Just for the hell of it. It might be worth while for anyone (that is interested) to consider the perceived value of
membership plan vs the price. While unlimited subscriptions for IBA's might seem too aggressive for your/the market, the ability to control the
marketing campaign might be well within your right. For instance, someone that has an IBA and it's directly competing with a tunnel just down the street could consider placing a restriction on the
membership and changing the narrative to the customer.
BECOME A MEMBER
SAVE 80%
Receive 6 washes a month for 'x' price...etc
This narrative controls abuse and tells the customer they are getting a staggering deal. Of course, the concept of the multiplier should first include your costs of:
wash equipment, amortization of said equipment 6-12 years?, heat (if a variable), pit/cleaning removal, maintenance, water, chemical, electricity, cost or pay tellers or software solutions like
Apps for
memberships,
marketing budgets, land fees, property taxes, building fees, claims and damages (I realize I'm starting to talk to the people that are new to carwash lol),
marketing budgets...etc
Take those historic costs and divide your packages by volume, factor in your pricing per wash and utilize a common ticket price for
memberships, divide it all out and you'll actually really close to seeing how lucrative this model actually is. And if you're really really good, take John's advice above, identity your unique customer base, let's say it's the 15%, try to convert that group via your
marketing campaigns. All while factoring that the abuse can be controlled at let's say 6 per month and let's pretend EVERYONE will abuse all 6 washes. Here's an idea of what that would look like:
19,446 washes means 2,917 potential customers - if you could convert half (25%) Leaves 729 subscribers but all of them are coming 6 times a month, that wouldn't happen either but I like erring on the side of caution.

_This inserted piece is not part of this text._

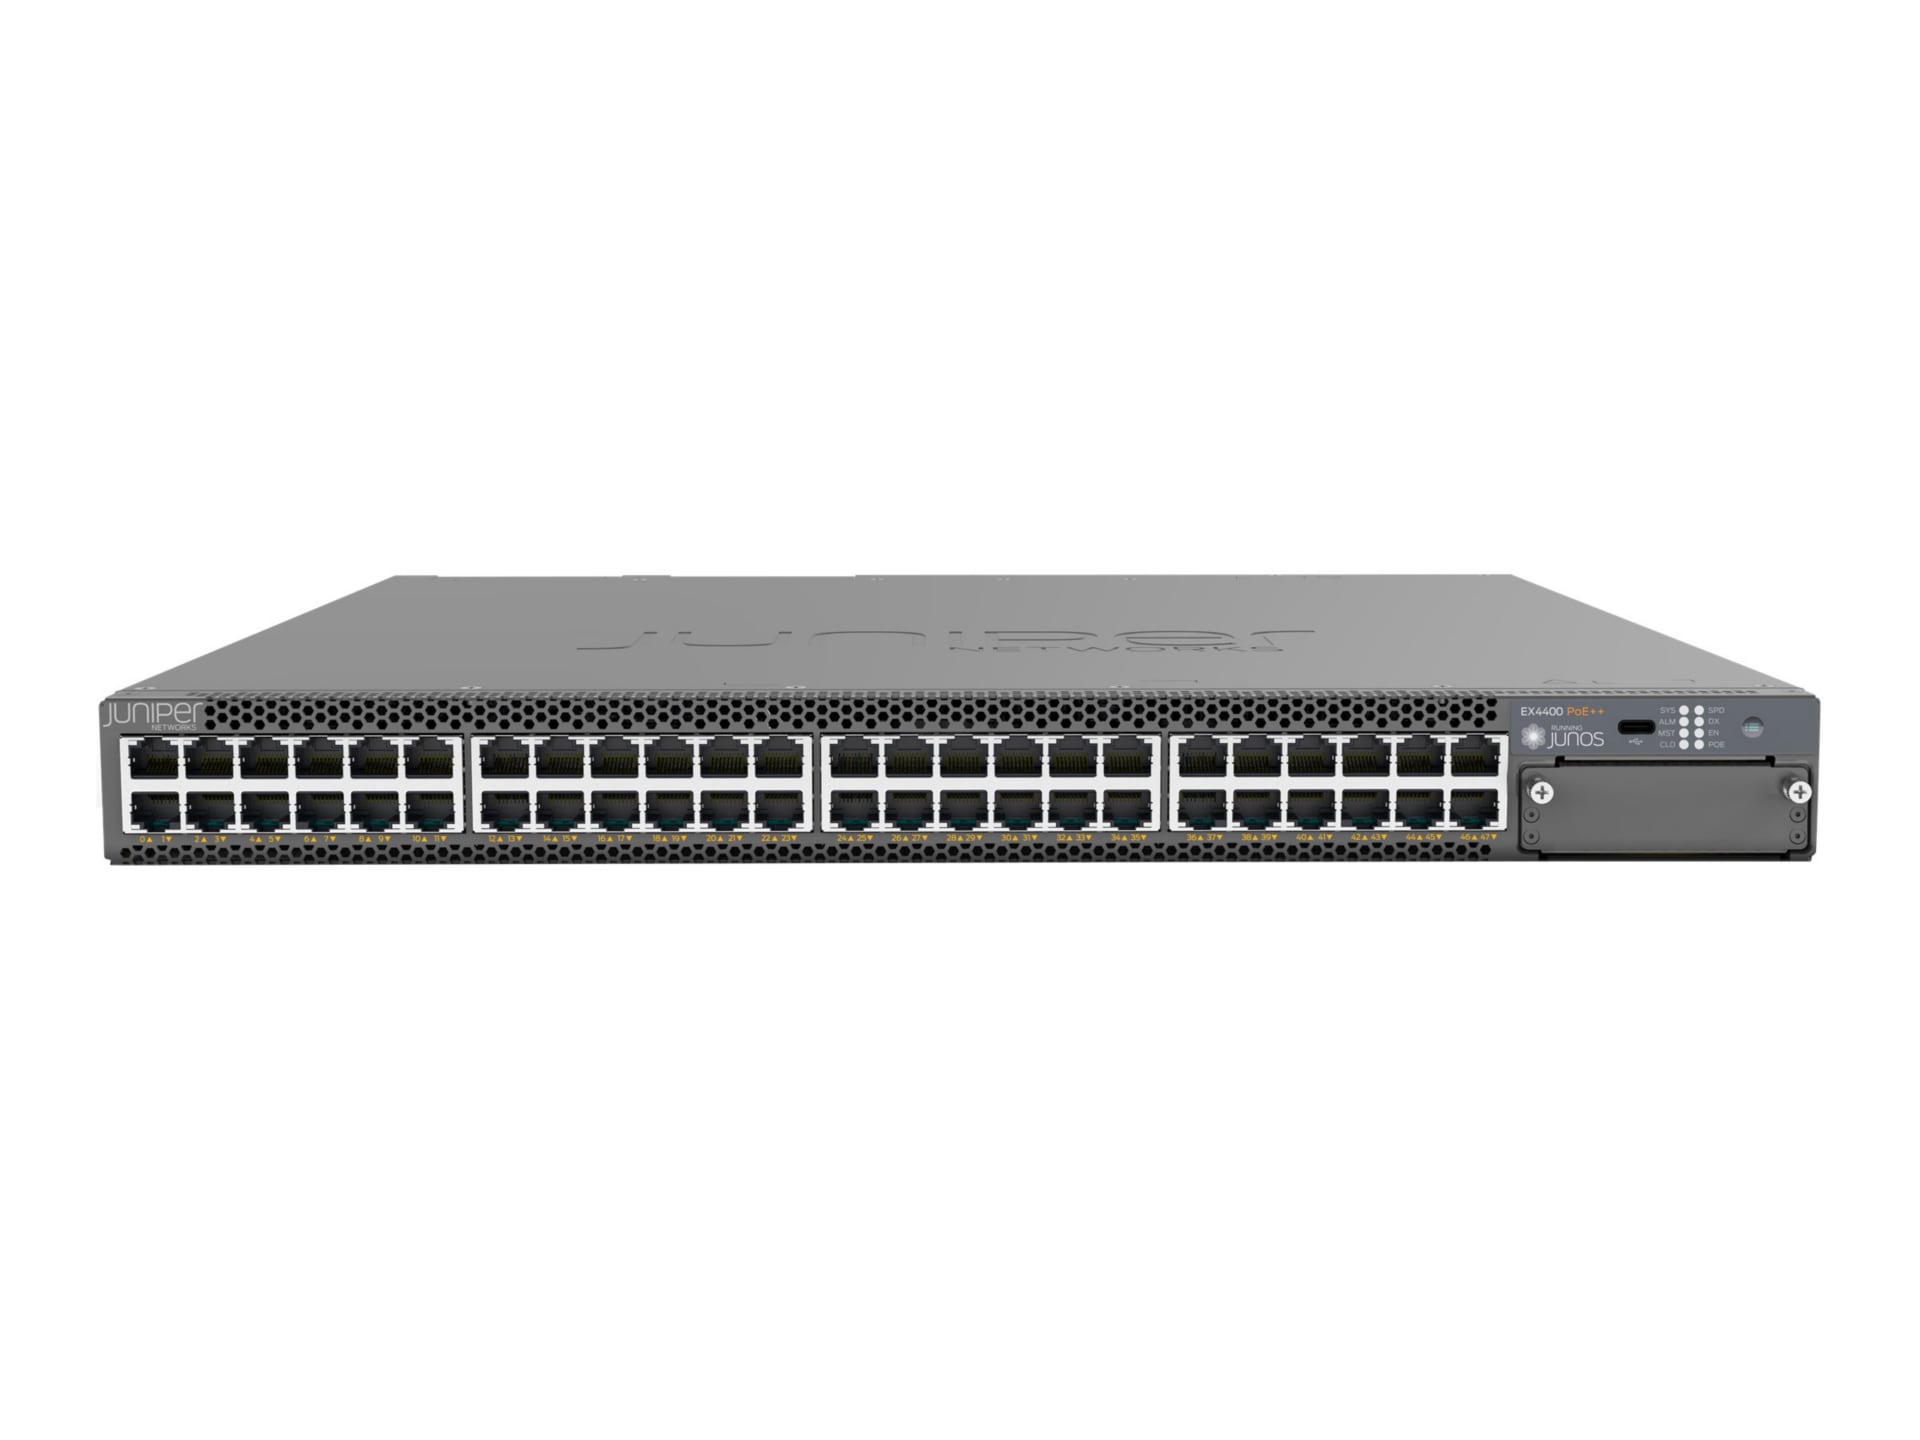 Juniper Networks EX Series EX4400-48P - switch - 48 ports - managed - rack-mountable - E-Rate program

Each wash package price; sub price:
A)9.99; $19.99
B)10.99; 22.99
C) 12.99; 26.99
D)14.99; 29.99
equipment is $750 amortized over 12 years - maintenance at 7k, pit removal at 4k, heating at 5k...etc water chemicals and elec all at roughly 2bucks per wash/ Appropriately I've divided all of the figures above include my budgets at full cap ex and op ex by the wash count per package... i.e., 4,853 package A); 1352 package B); 5,587 package C); 7654 package D) and then split this historic data into my assumptions of the conversion above, now including forfeited costs for people that will no longer purchase single washes and vacuumed them out of my potential earnings. Here's the split:
A) 10%
B) 25%
C)15%
D)50%
In a full year stagnating at the 729 members from beginning to end, I've profited 42,569K. My gross margins would seem too positive to share, so instead, this pragmatic approach tells me a little more of the story.